Auburn’s students will be welcomed back to classes on a darker day this fall.
On Aug. 21, a solar eclipse will cast a shadow of unbelievable size on Auburn. At the eclipse’s peak, Auburn will experience 91.64 percent coverage. Most people only experience an eclipse once in their life. Many professors and departments want to be sure students are prepared to experience the solar eclipse safely. There are a plethora of events planned for campus life as well as the community.
Ameya Kolarkar, College of Science and Mathematics faculty member, will be traveling to the point of totality in South Carolina and will not be present when Auburn goes dark. He wants to be sure his fellow students are prepared, though.

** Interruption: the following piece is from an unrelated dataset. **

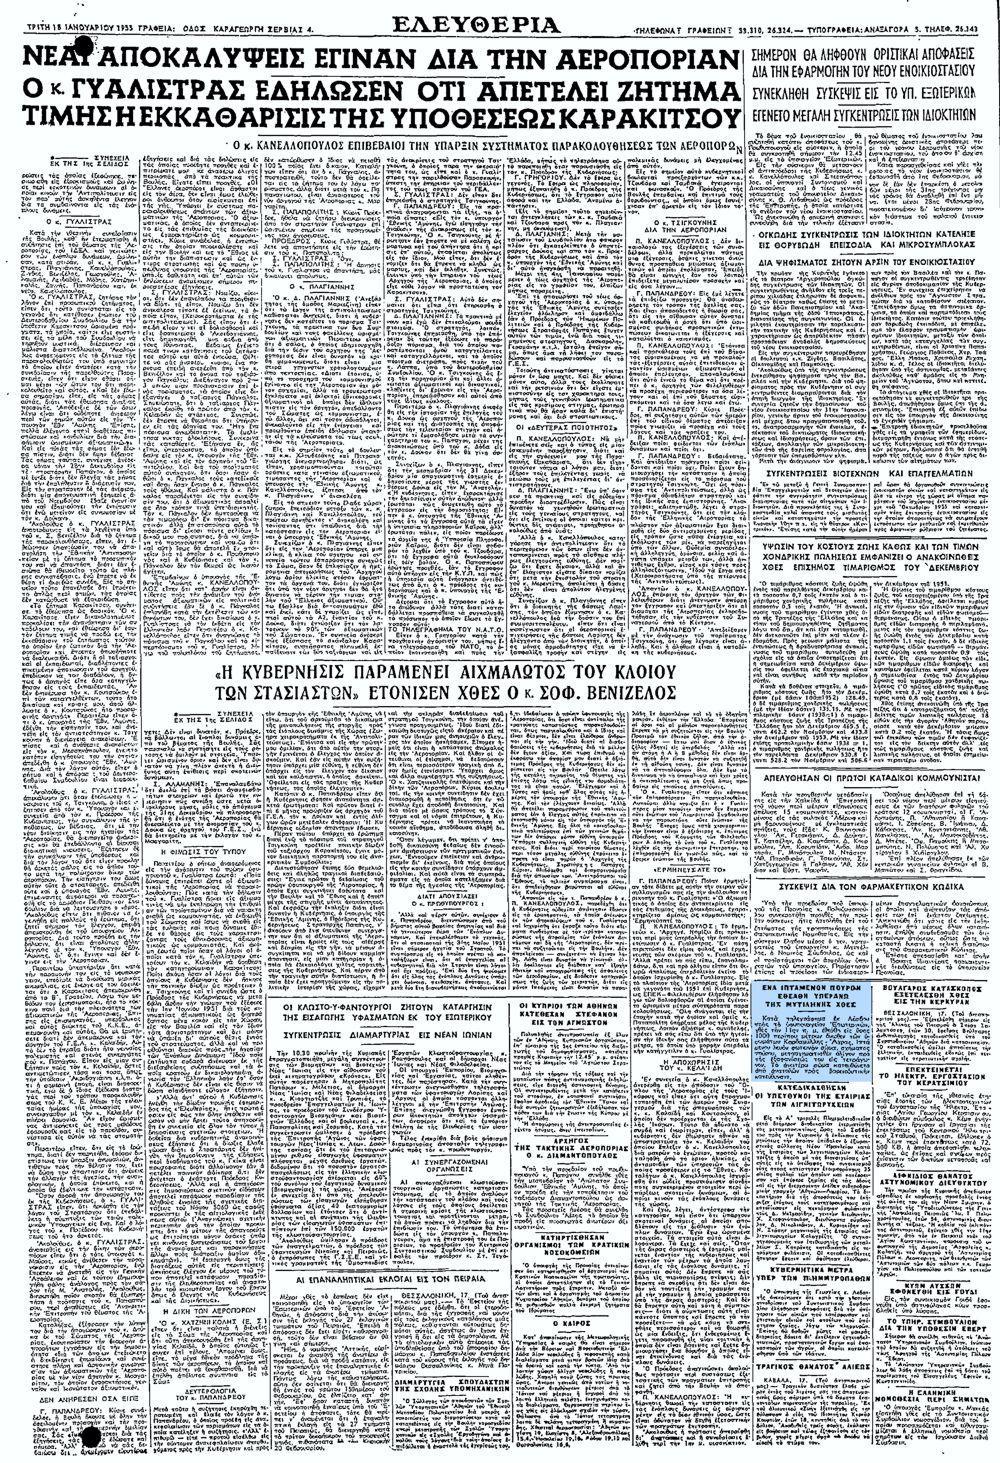 """Το άρθρο, όπως δημοσιεύθηκε στην εφημερίδα """"ΕΛΕΥΘΕΡΙΑ"""", στις 18/01/1955"""

Partnering with Housing and Residence Life, Kolarkar will be leading a Solar Eclipse Viewing Pre-Party on Aug. 19 at 3 p.m. Kolarkar will be stationed in front of Aubie Hall for the event.

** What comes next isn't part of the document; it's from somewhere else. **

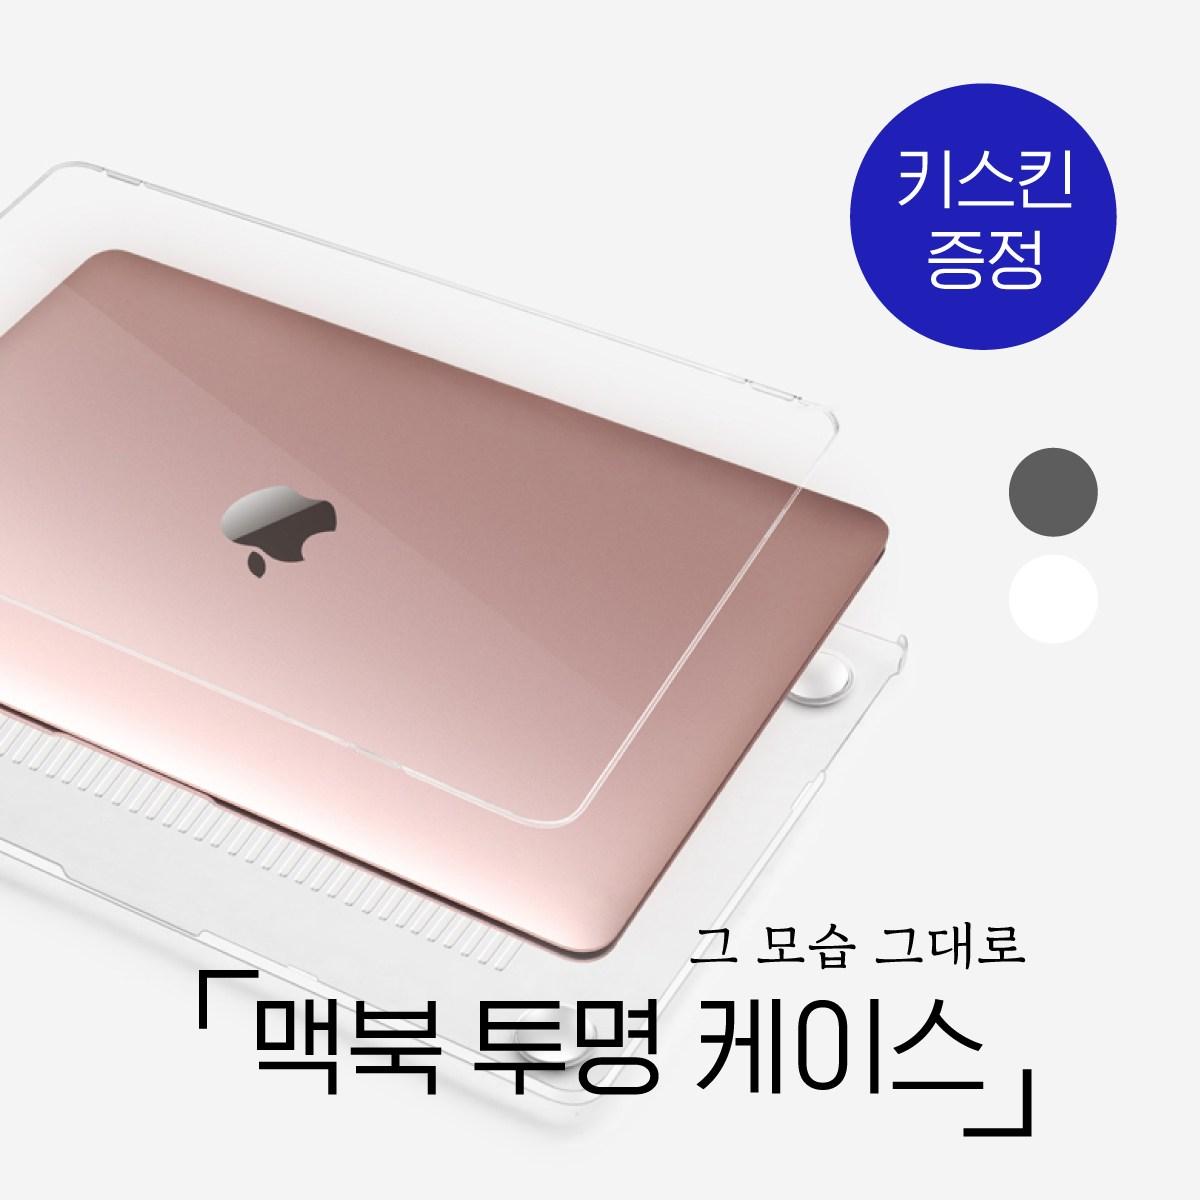 오펜트 맥북 2020 뉴에어13(A2179) 투명 반투명케이스, 맥북 뉴에어13 투명케이스

“Students are not usually into physics and astronomy, so this gives us another way to bring the Liberal Arts students, for example, into the world of physics,” Kolarkar said. “We want them to be awed by what is happening rather than scared.”
Kolarkar will be explaining what happens when a solar eclipse occurs and why. There will be crafts and activities centered around understanding the solar eclipse. Kolarkar said the event will be a great way to welcome students living in student housing.
“No matter what happens, you must not look at the sun with your naked eyes,” Kolarkar said. “Since we do not have a totality, the sun will be visible at all times.”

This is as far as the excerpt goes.